Time: 20 tracks / 59 mins
Stewart-Henderson.com
Yvonnelyonmusic.com

Vesper Sky is a collection of songs, spoken words and various combinations of the two that oozes skill, professionalism, life experience, spiritual depth and fun.   

It ends with an Yvonne Lyon poem-song that insists, “You were made for greater things than living with regret; here’s to enjoying, and not to endure.” That attitude of making the most of life flows out of its many delicious words: "Let these be the luminous years / the ludicrous handstand years... The being loved, that’s it, years.”

The fun comes in humorous pieces, but also through the delight in words that runs through everything, right down to immaculately-scanning lines that emphasise the right bits like a well-fitting dress.

I covered Yvonne Lyon’s fine, progressing singer-songwriter work on her Metanoia released some months ago.

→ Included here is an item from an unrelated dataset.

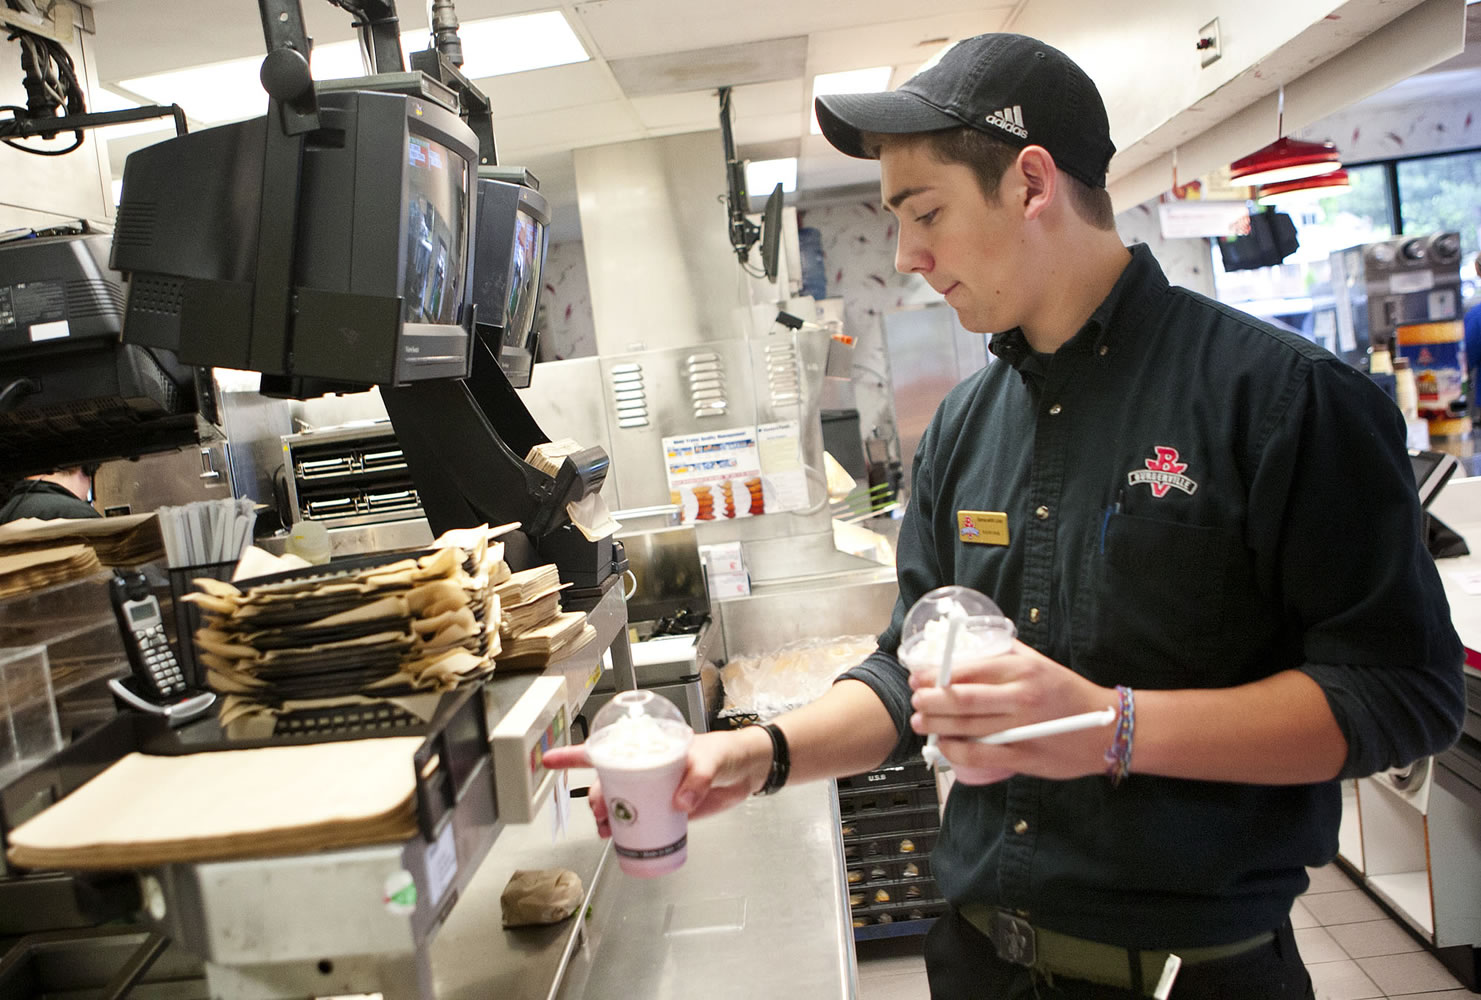 Lucas Schwartz, 17, clears an order before delivering shakes to customers during his shift June 30 at the Central Park Burgerville on East Fourth Plain Boulevard.

Carol Henderson has extensive radio work on her CV, while husband Stewart just does the lion’s share here.

This set sums up the broadcaster and Liverpool poet’s expansive portfolio of topics. One minute he’s observing dignity at a funeral, while another he’s celebrating children’s stories, or ruminating on love or dementia.

“Perfect Fit” is a highlight and absolute joy, as he manages to fit Cannes, a polar bear, uncomfortable pews and stretch limos into a poem that worships God, while being thoroughly entertaining – and it even has slide guitar maestro Bryn Haworth playing blues in the background. I smile broadly every time I hear it. (For American readers, for 'Swindon' in the poem, read 'Scranton,' if The Office is a good guide.)

More deeply, he offers a theology of brokenness with a deft touch. The phrase “tarred and tethered” echoing a more familiar idiom, while the poem as a whole points to the healing that comes through Christ, “the First-Born Broken / The original Renaissance / The only Reformation / Who in turn breaks the many things that now break us.”

Lyon also puts in a heavy shift, with some fine songs and playing backing music to some spoken pieces.

The pair begin well with a piece called “After the Fall,” which sets the scene for a broken world that holds the situations they cover, but the song also hints at a better way:
“For those deprived of everything, all is stark and small,
The place where Cinderella never made it to the ball.
There seems no gold of justice in their burnt out cattle stall
For this is how it is after the fall...

The bee sips from the sunflower, the Northern Lights enthral
There must be wine and orchids, not vinegar and gall.
There must be elevation following the fall
It doesn’t have to be this way after the fall.”

Then after a description of the current state of play (“How clatter is the world, and mishmash and bashed in and shrill with its blind throat songs and strutting,”) and a song, where Lyon asserts, “I choose grace,” the team gets down to the detail inside that background.

Henderson has a particularly skilful way of taking ordinary life – such as crowds looking at smartphones on the street – and bringing out some transcendent aspect of the situation.

There is no theme as such, but some areas come up more than others. Henderson’s greater life experience leads to a few pieces either about, or induced by, ageing and the prospect of death peering over the hedge. “I have grown an old man’s skin / As agelessness cavorts within” - a line that sums him up somewhat.

Such an emphasis on poetry doesn’t mean that production is stinted: “Children Mind your Language” gets a full-blown brass section in the backing, as well as a Haworth slide solo.

If you are nervous about a collection that features many poems, please don’t be – most of these offerings are instantly accessible, deeply thoughtful or both, with light touch pieces acting as sorbet between the tasty, meatier courses.

If I dare mention it yet, it may be a good stocking filler, too.